Sample data of “allCountries.txt” data from http://download.geonames.org/export/dump/allCountries.zip. You can test your functions in the cell below them. The variable testFile contains the data.

Read https://spark.apache.org/docs/latest/rdd-programming-guide.html for a guide

0.1.1 Data schema

Name	Description
geonameid	integer id of record in geonames database
name	name of geographical point (utf8) varchar(200)
asciiname	name of geographical point in plain ascii characters, varchar(200)
alternatenames	alternatenames, comma separated, ascii names automatically transliterated, convenience attribute from alternatename table, varchar(10000)
latitude	latitude in decimal degrees (wgs84)
longitude	longitude in decimal degrees (wgs84)
feature class	see http://www.geonames.org/export/codes.html, char(1)
feature code	see http://www.geonames.org/export/codes.html, varchar(10)
country code	ISO-3166 2-letter country code, 2 characters
cc2	alternate country codes, comma separated, ISO-3166 2-letter country code, 200 characters
admin1 code	fipscode (subject to change to iso code), see exceptions below, see file admin1Codes.txt for display names of this code; varchar(20)
admin2 code	code for the second administrative division, a county in the US, see file admin2Codes.txt; varchar(80)
admin3 code	code for third level administrative division, varchar(20)
admin4 code	code for fourth level administrative division, varchar(20)
population	bigint (8 byte int)
elevation	in meters, integer
dem	digital elevation model, srtm3 or gtopo30, average elevation of 3’‘x3’’ (ca 90mx90m) or 30’‘x30’’ (ca 900mx900m) area in meters, integer. srtm processed by cgiar/ciat.
timezone	the iana timezone id (see file timeZone.txt) varchar(40)
modification date	date of last modification in yyyy-MM-dd format

from pyspark import SparkContext, SparkConf
sc = SparkContext("local","GeoProcessor")
testFile = sc.textFile("allCountries_sample.txt")

0.2 Extract Data

extractData removes unnecessary fields and splits the data so that the RDD looks like RDD(Array(“name”,“countryCode”,“dem”),…)).

Fields to include:
* name
* counryCode
* dem (digital elevation model)

param data: data set loaded into spark as RDD[String]
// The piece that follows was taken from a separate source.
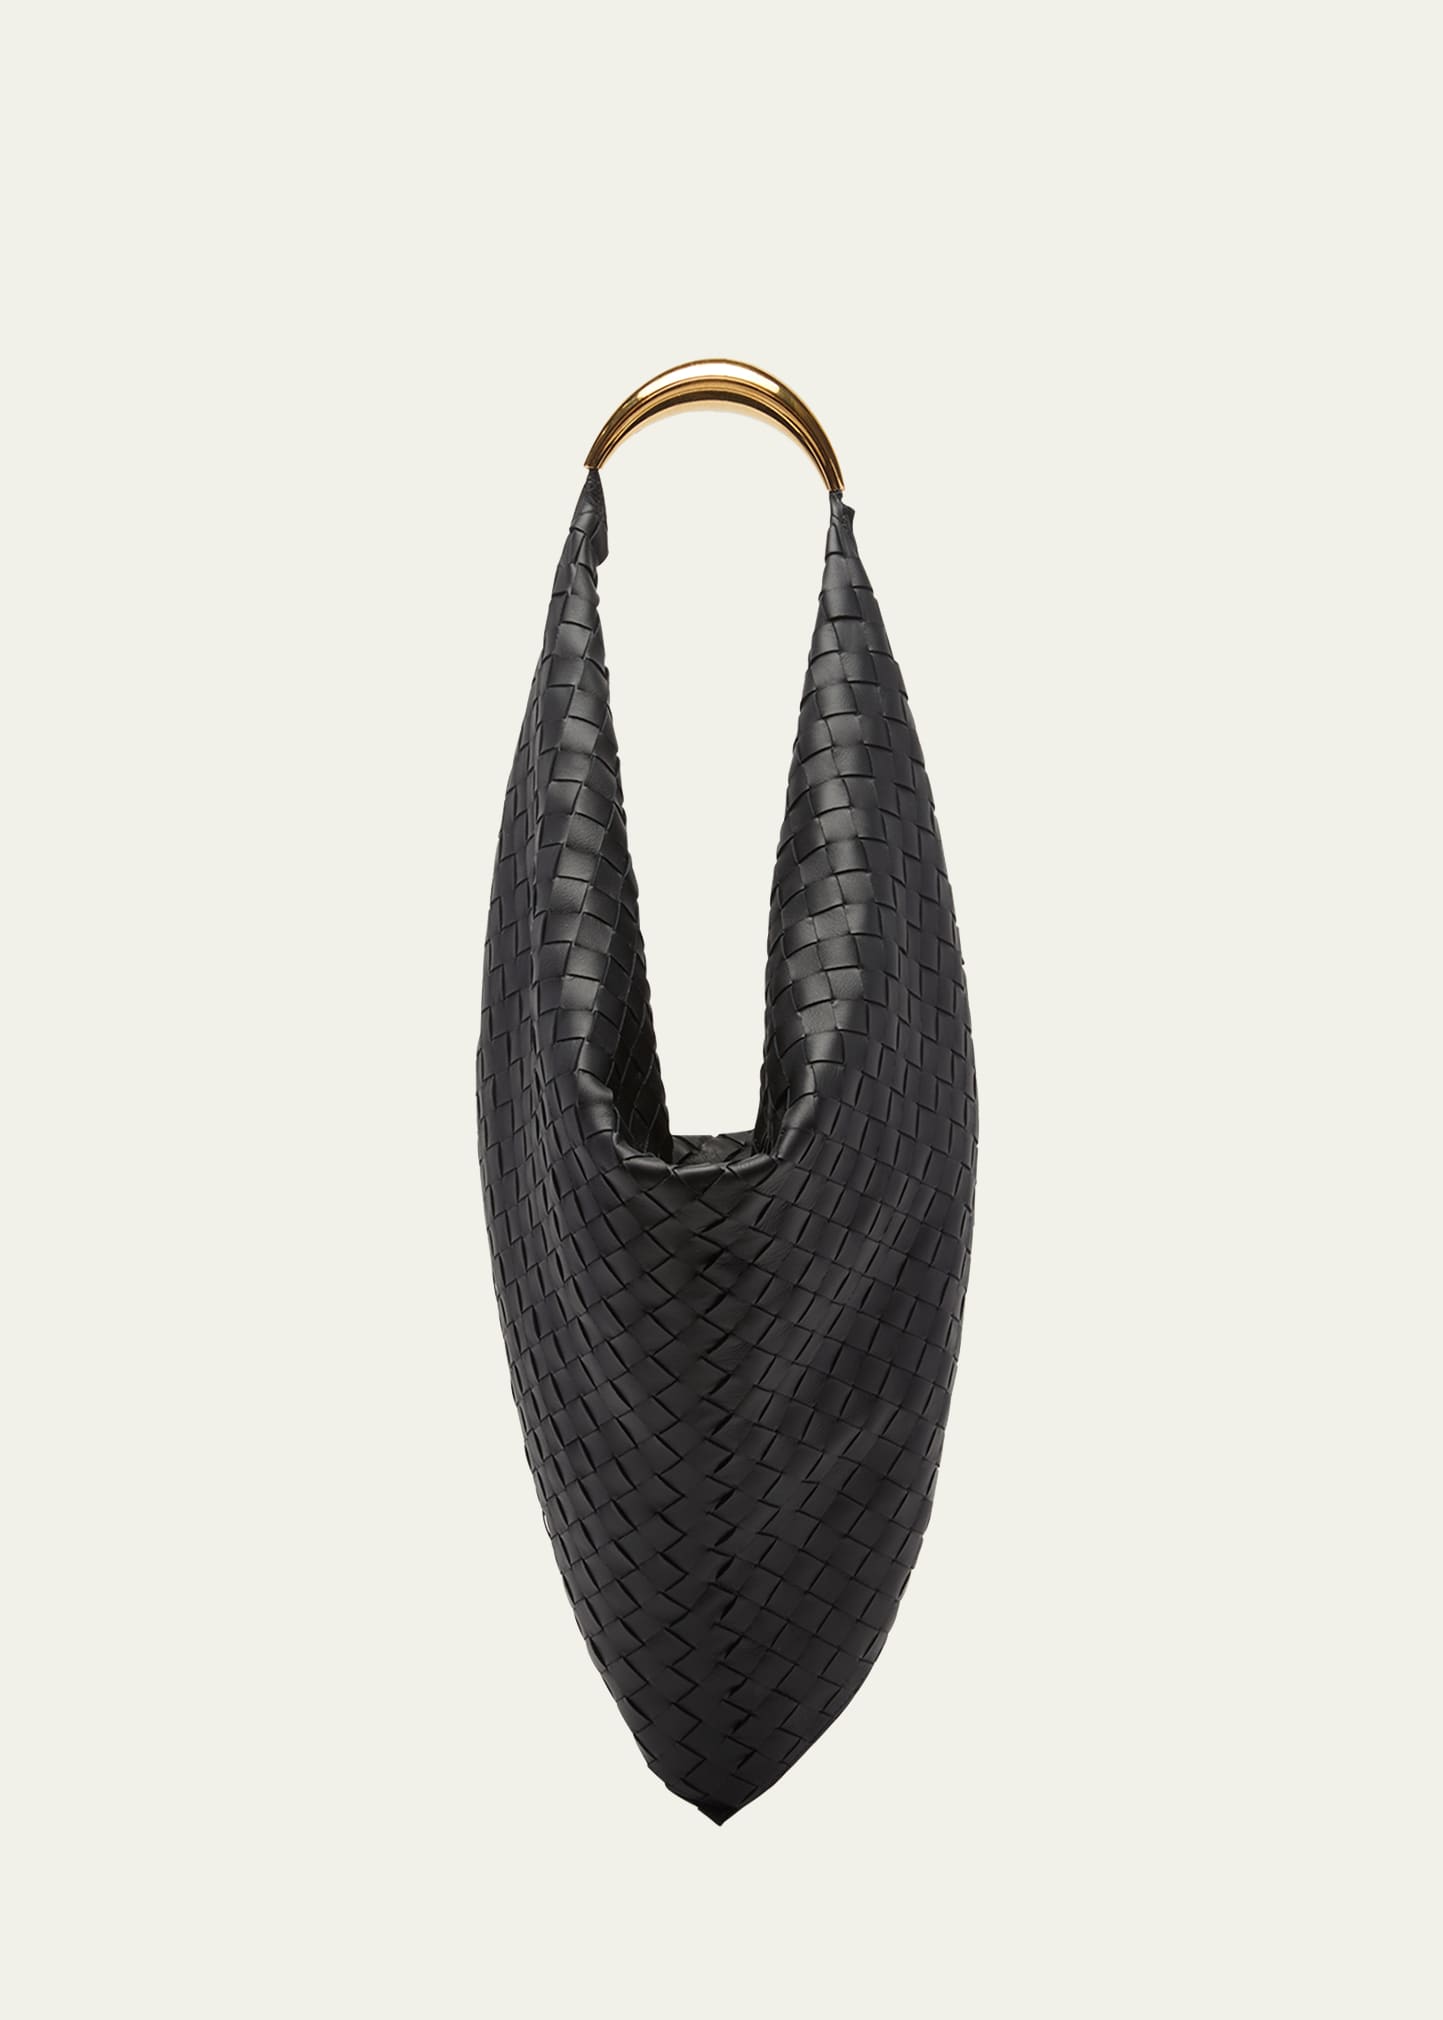 Bottega Veneta The Foulard Intrecciato Leather Shoulder Bag In Black Brass
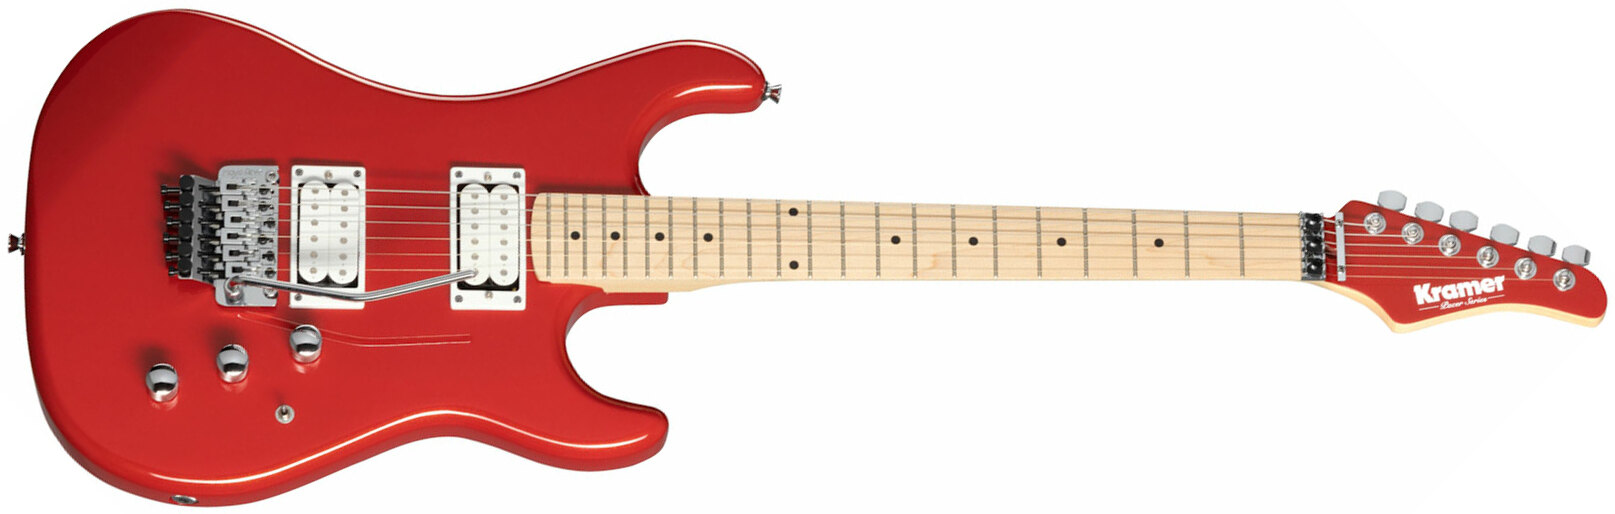 Kramer Pacer Classic 2h Fr Mn - Scarlet Red Metallic - Elektrische gitaar in Str-vorm - Main picture

return: RDD containing filtered location data. There should be an Array for each location.

Hint: you can first split each line into an array. Columns are separated by tab (“) character. Finally you should take the appropriate fields. The fields will be numbered by the location they are ordered in the original data scheme. Despite the method’s name, you might only need the map function.

def extractData(data):
    # YOUR CODE HERE
    spitline = data.map(lambda x: x.split("\t"))
    select = spitline.map(lambda x: [x[1],x[8],x[16]])
    return select
    #raise NotImplementedError()

#Example print

extractData(testFile).take(5)

[['Tosa de la Llosada', 'AD', '2475'],
 ['Riu de la Llosada', 'AD', '1900'],
 ['Obaga de la Llosada', 'AD', '2300'],
 ['Emprius de la Llosada', 'AD', '2299'],
 ['Basers de la Llosada', 'AD', '2321']]

'''extractData tests'''
filtered = extractData(testFile)
testObject = filtered.collect()[1]
assert testObject[0] == "Riu de la Llosada", "the name value of the object was expected to be 'Riu de la Llosada' but it was %s" % testObject[0]
assert testObject[1] == "AD", "the country code value of the object was expected to be 'AD' but it was %s" % testObject[1]
assert testObject[2] == "1900", "the dem value of the object was expected to be 1900 but it was %s" % testObject[2]
assert len(testObject) == 3, "the length of the array was expected to be 3 but it was %s" % len(testObject)
assert type(testObject) is list, "the type of the RDD element was expected to be list but it was %s" % type(testObject)

0.3 Filter Elevation

filterElevation is used to filter to given countryCode and return RDD containing only dem information. You will have to convert the dem information to int values.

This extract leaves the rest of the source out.